PROVIDED MATERIAL START
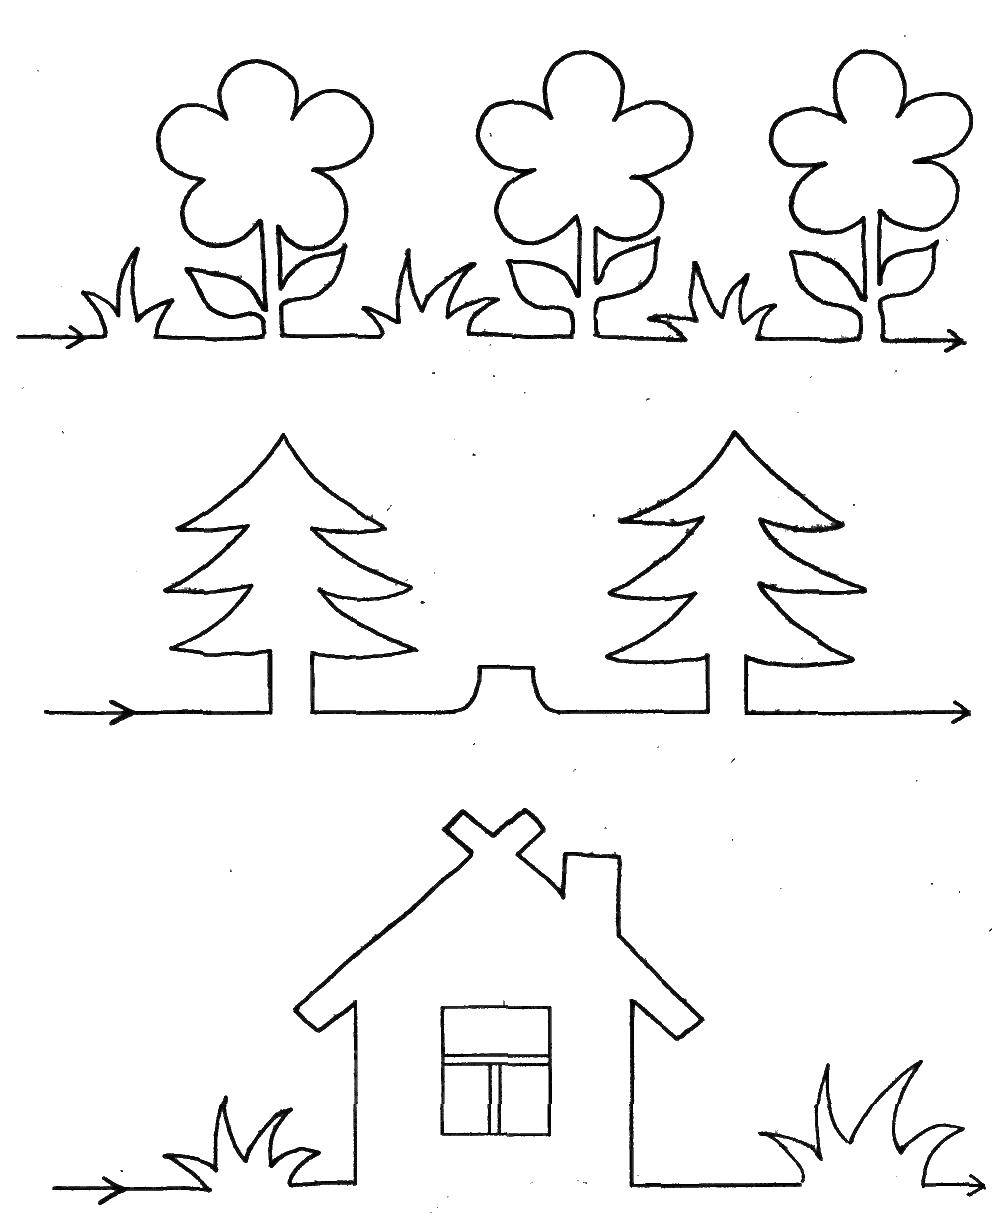 Coloring The house and the trees. Category fix on the model. Tags:  Doris, sample.
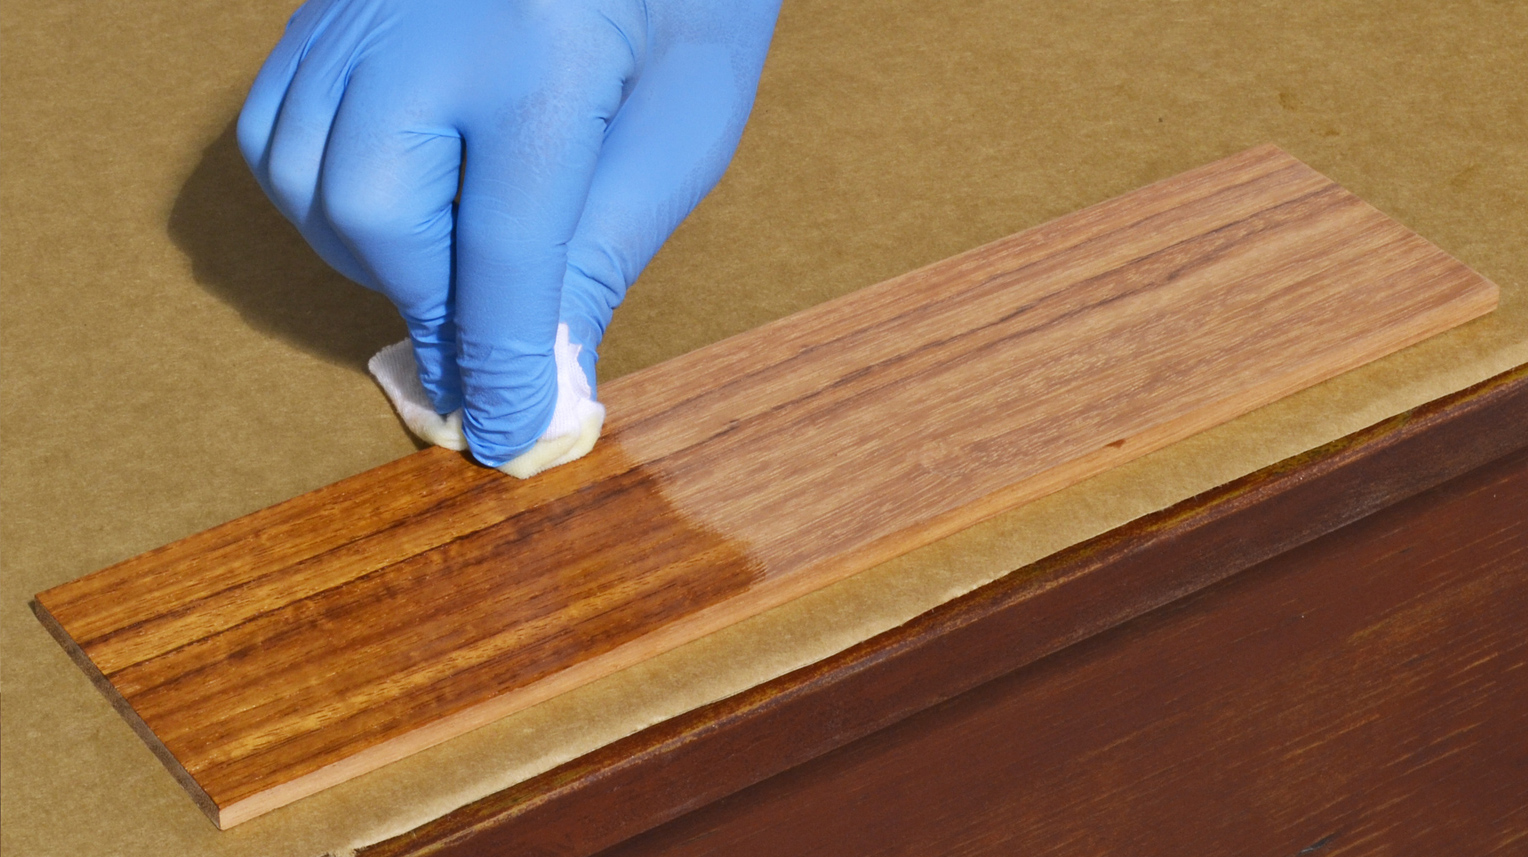 Linseed oil, a natural solution for Wood Finishing - Ardec
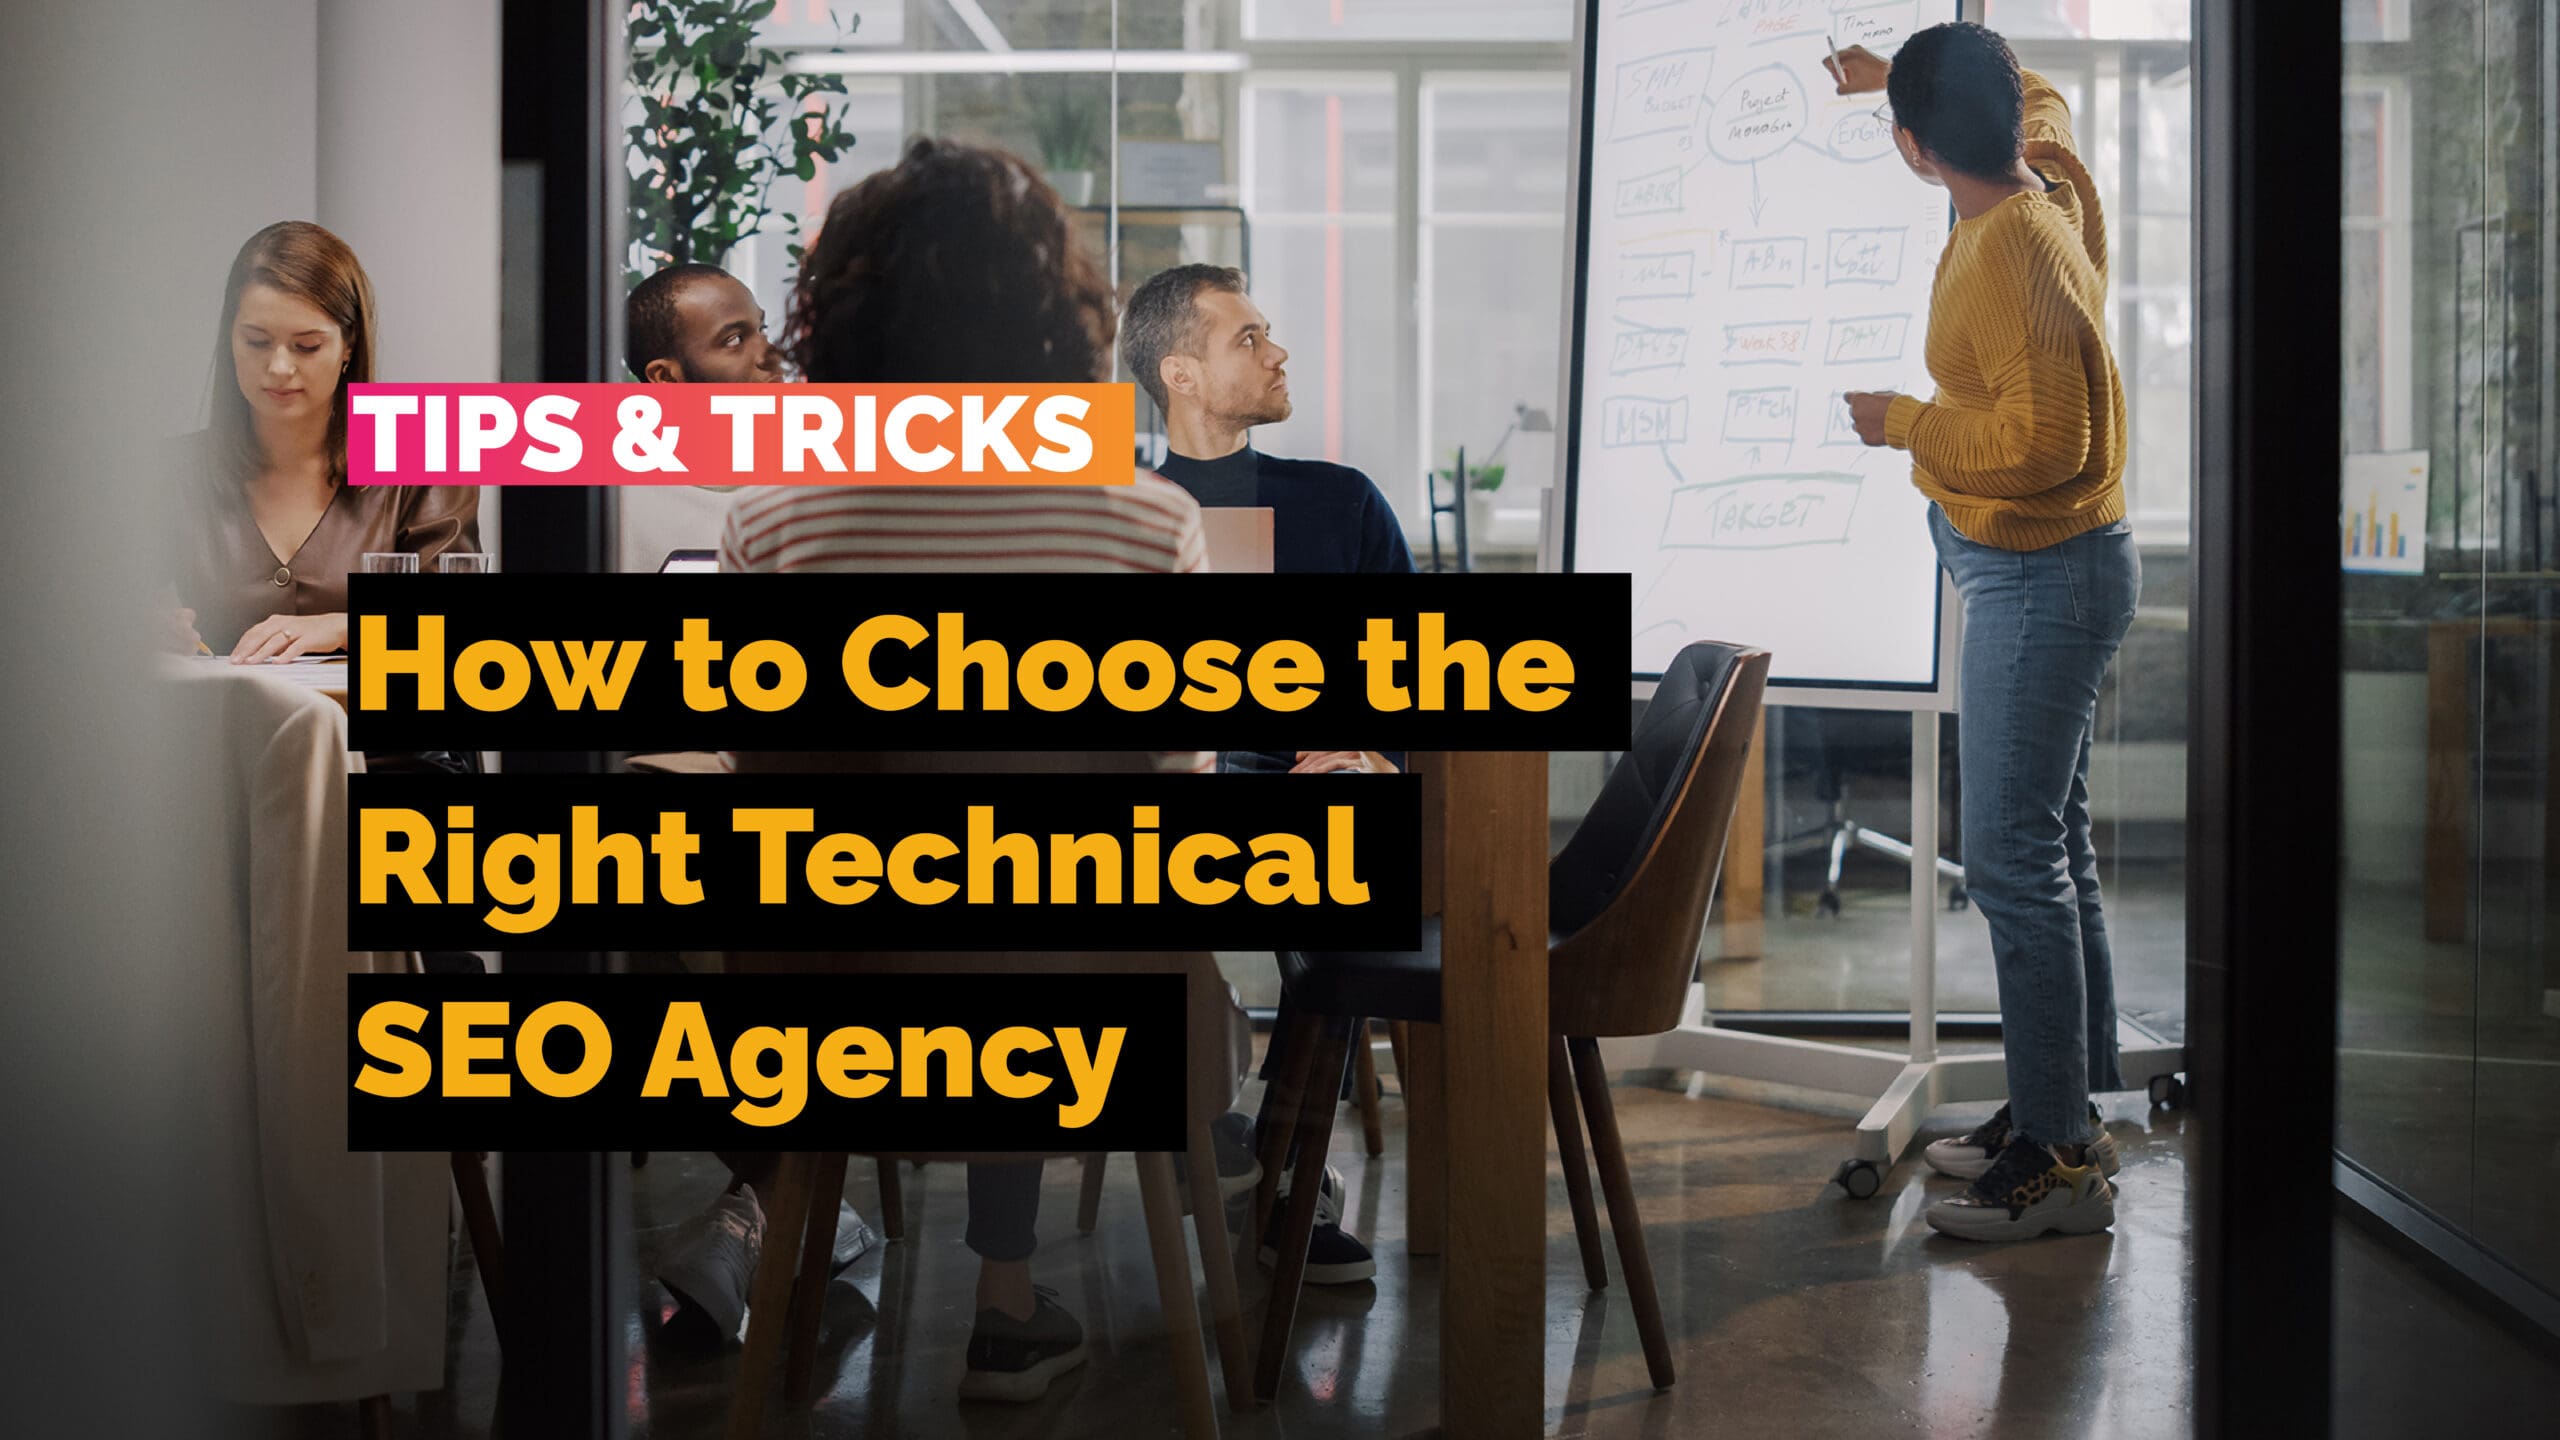 How to Choose the Right Technical SEO Agency: Tips & Tricks
PROVIDED MATERIAL END
#### WHAT YOU ARE ASKED TO DO
Do not include the images; transcribe the rest of the listing exactly.

#### ANSWER SECTION
 Coloring The house and the trees. Category fix on the model. Tags:  Doris, sample.
 Linseed oil, a natural solution for Wood Finishing - Ardec
 How to Choose the Right Technical SEO Agency: Tips & Tricks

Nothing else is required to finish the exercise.